• _Data segment_:

╭──

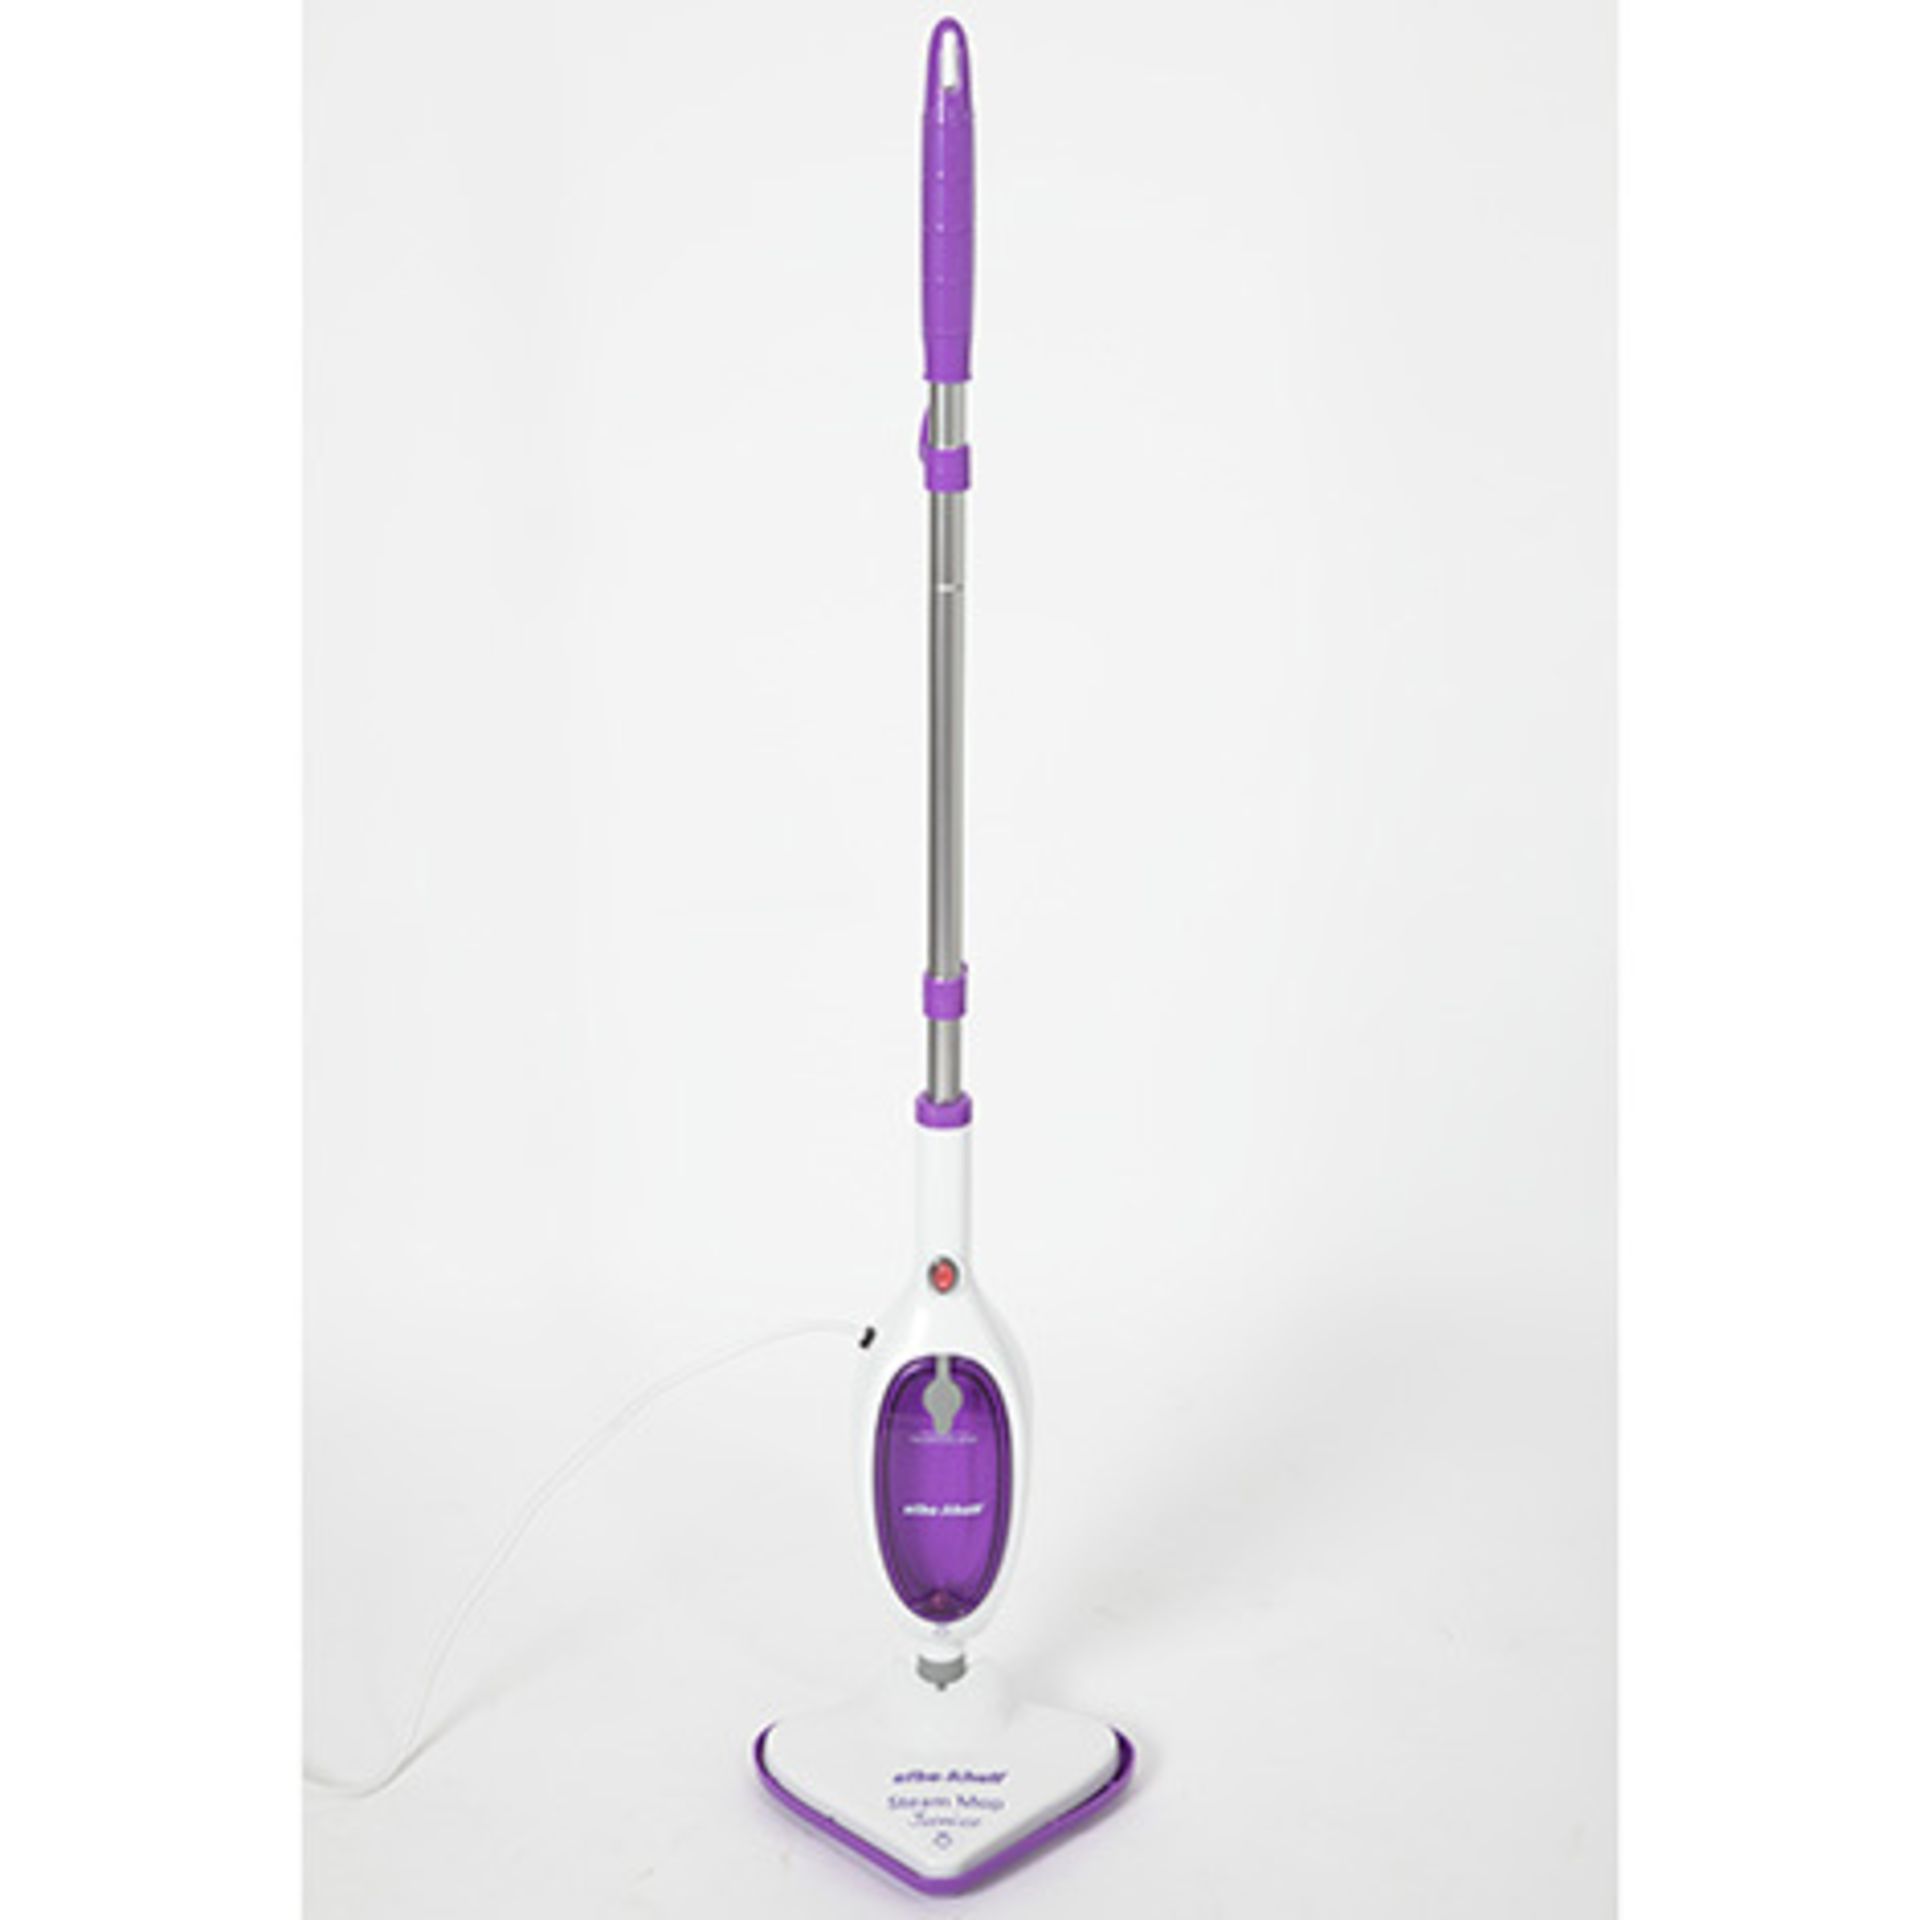 V Efbe-Schott Steam Mop (New And Boxed) Colours And Model May Vary RRP59.99 - Image 2 of 2
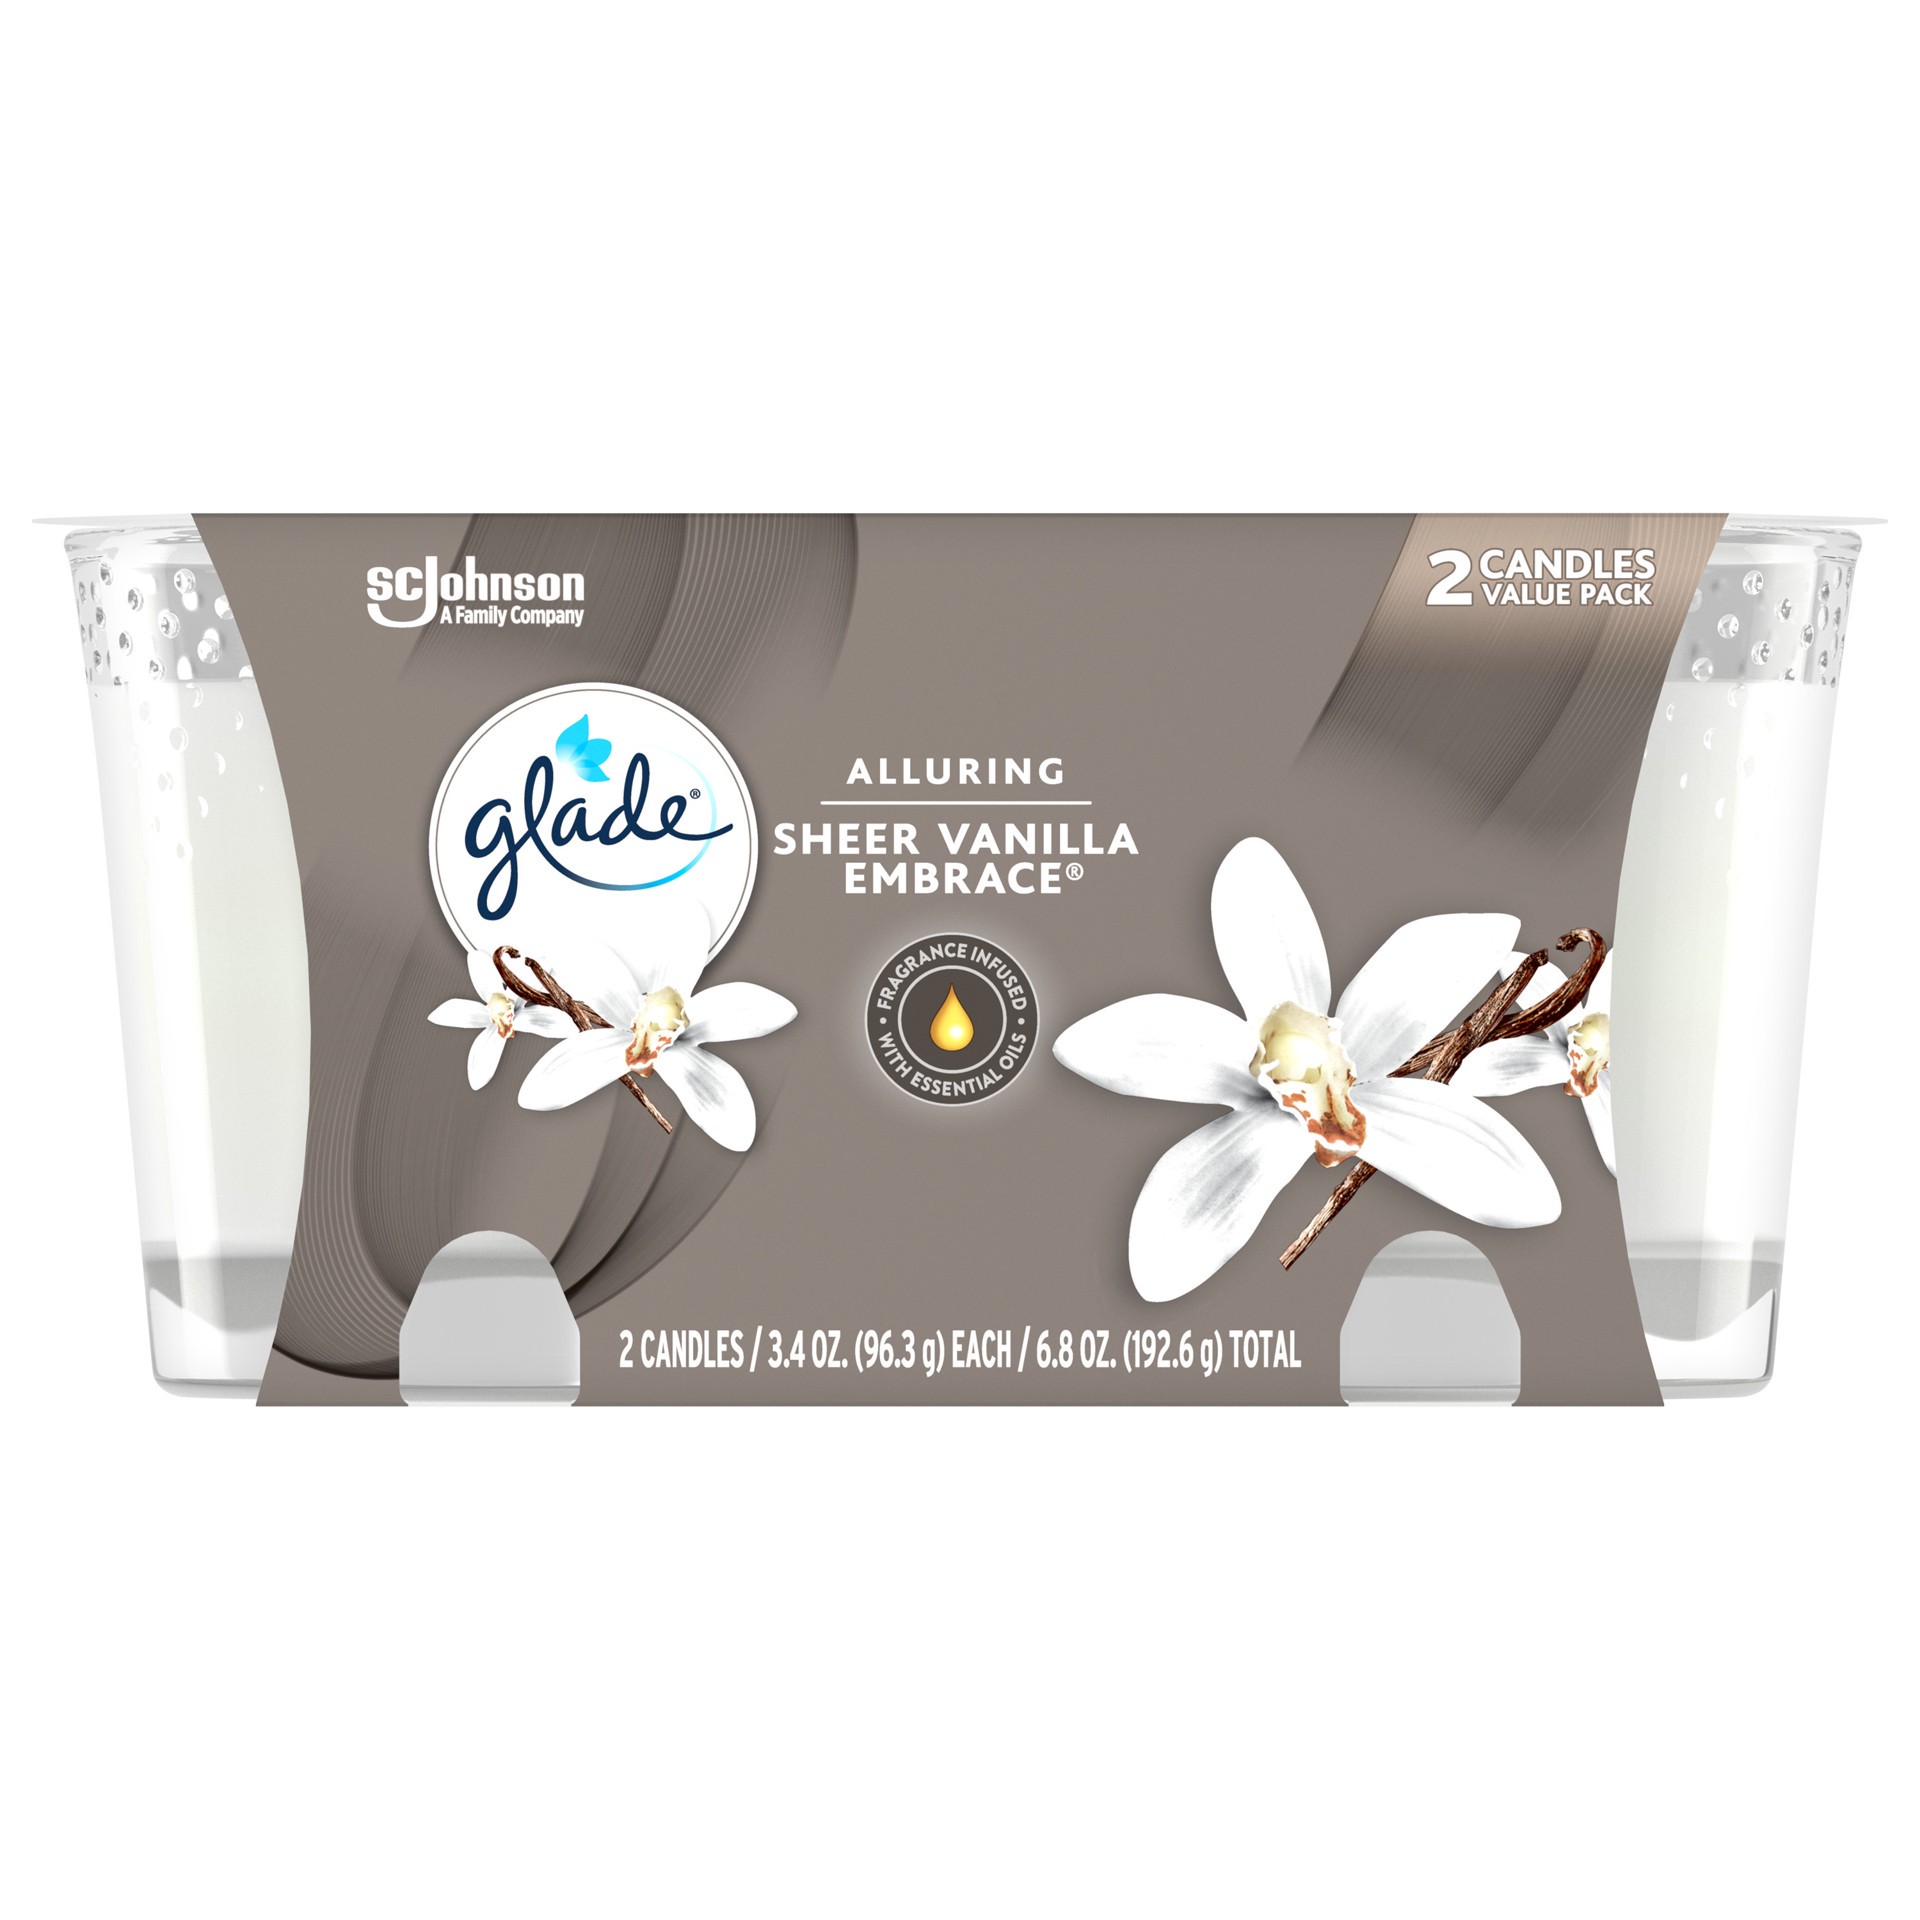 slide 1 of 5, Glade Candle Alluring Sheer Vanilla Embrace Scent, 1-Wick, 3.4 oz (96.3 g) Each, 2 Counts, Fragrance Infused with Essential Oils, Notes of Vanilla Blossom, White Orchid, Sandalwood, Lead-Free Wick, 6.8 oz
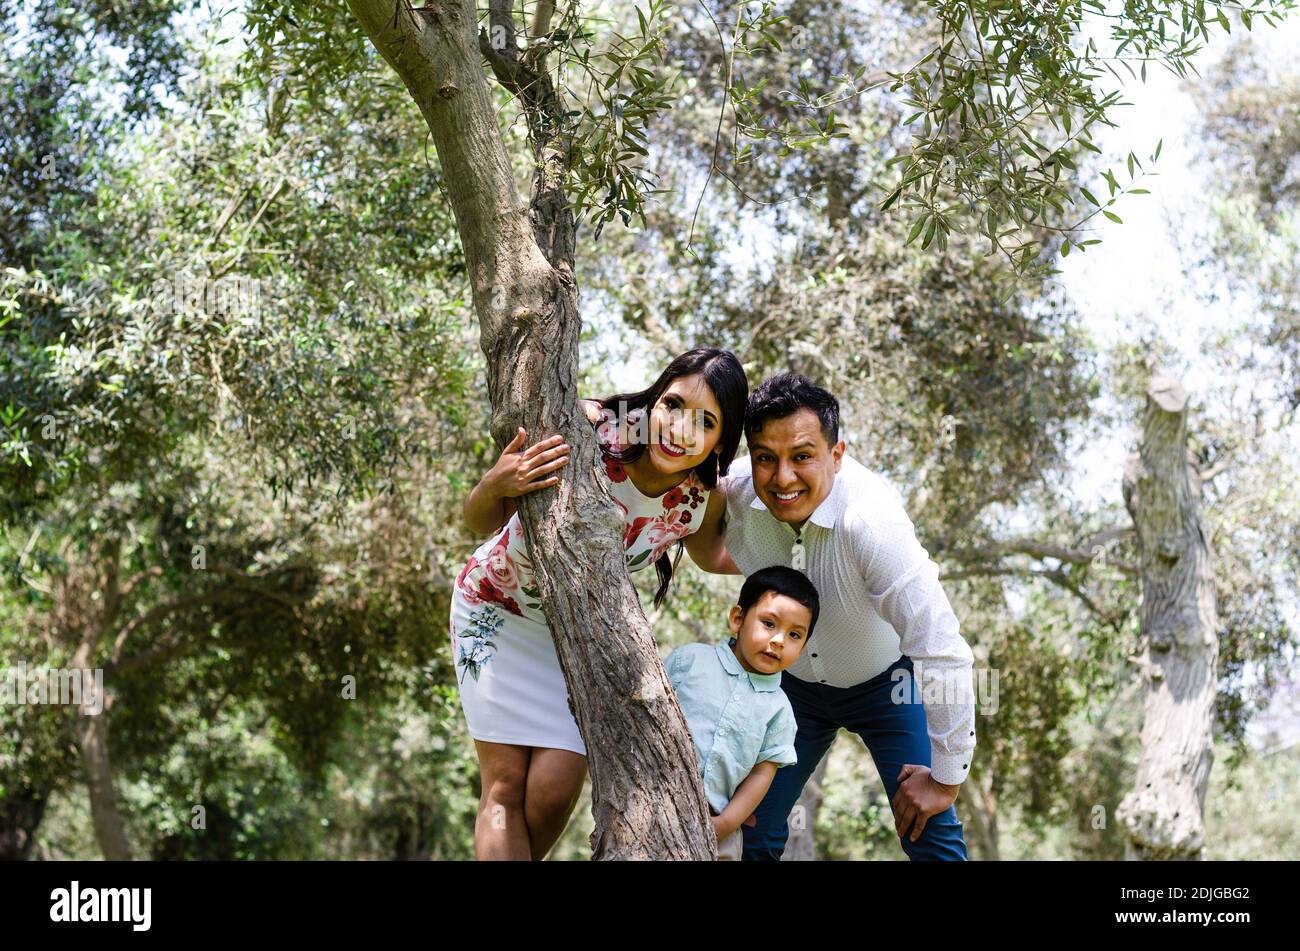 Happy family with man, woman and child leaning on tree in city park. Copy space Stock Photo

╰──

• _What you should do_: Once the pictures are removed, output the remaining material exactly.

• _Written response_:
 V Efbe-Schott Steam Mop (New And Boxed) Colours And Model May Vary RRP59.99 - Image 2 of 2
 slide 1 of 5, Glade Candle Alluring Sheer Vanilla Embrace Scent, 1-Wick, 3.4 oz (96.3 g) Each, 2 Counts, Fragrance Infused with Essential Oils, Notes of Vanilla Blossom, White Orchid, Sandalwood, Lead-Free Wick, 6.8 oz
 Happy family with man, woman and child leaning on tree in city park. Copy space Stock Photo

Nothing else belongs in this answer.